По Грачеву, пленным предложили выбор: получить трехдневный запас продовольствия и уходить в Якутск или вступить в Сибирскую дружину. Все предпочли второе. Строд объясняет это тем, что иначе их грозились отпустить без теплой одежды, но едва ли угроза была бы выполнена.
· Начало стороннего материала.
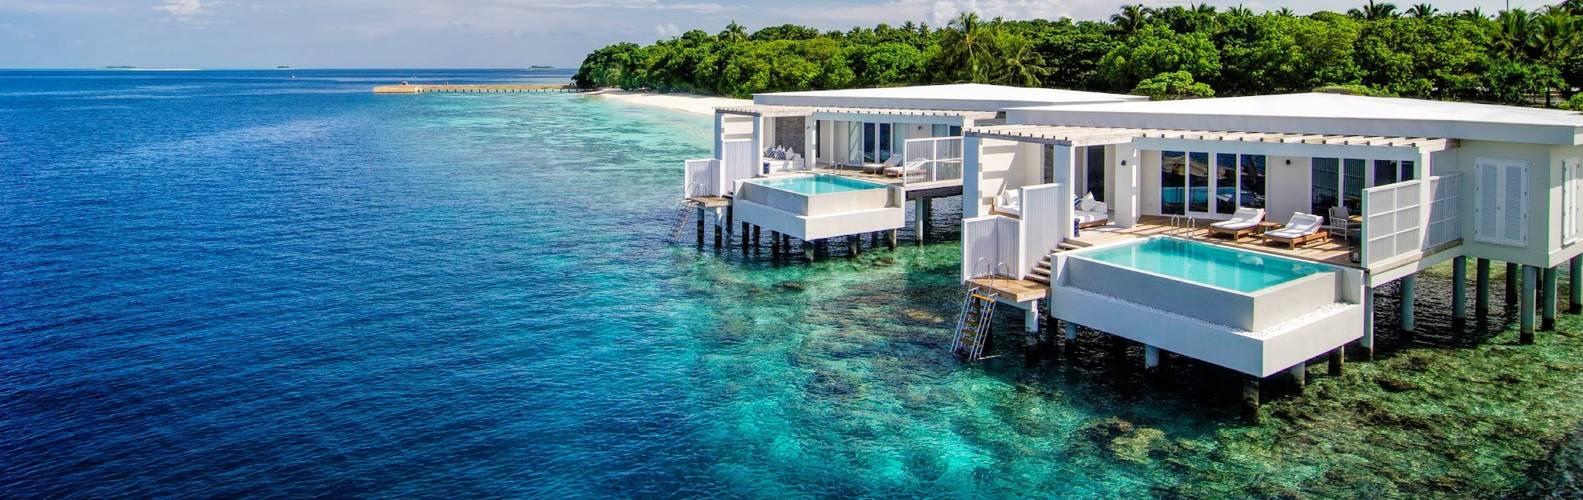 Amilla Fushi Maldives - House Reef

Красноармейцев просто запугивали, а они еще не понимали разницы между пепеляевцами и повстанцами, вполне способными так поступить.
В приказе Пепеляева, изданном перед началом наступления на Якутск, говорилось, что в освобожденных населенных пунктах должны «созываться народные съезды, которые будут устанавливать власть на местах». Следуя этой директиве, Грачев собрал жителей Амги и предложил избрать «самоуправление». В ответ на осторожный вопрос, кого можно выбирать, он разъяснил, что кого пожелают, «хотя бы выбранные лица были и коммунисты: раз его избрали жители, значит, заслужил доверие населения, а против воли населения дружина не борется».
Надо полагать, амгинских «пагынай» сильно озадачила подобная принципиальность. Она выглядела не то ловушкой для простаков, не то признаком слабости нового порядка, с которым в любом случае лучше пока дел не иметь.
Первые полчаса боя за Амгу там работала телефонная связь с Чурапчой, и кто-то из командиров или красноармейцев успел сообщить туда, что слобода пала. Из Чурапчи телефонировали в Якутск. Рано утром того же дня Байкалова поднял с постели работник оперативного отдела: «Товарищ командующий, маленькая неприятность… Налет на Амгу. Наших пощипали».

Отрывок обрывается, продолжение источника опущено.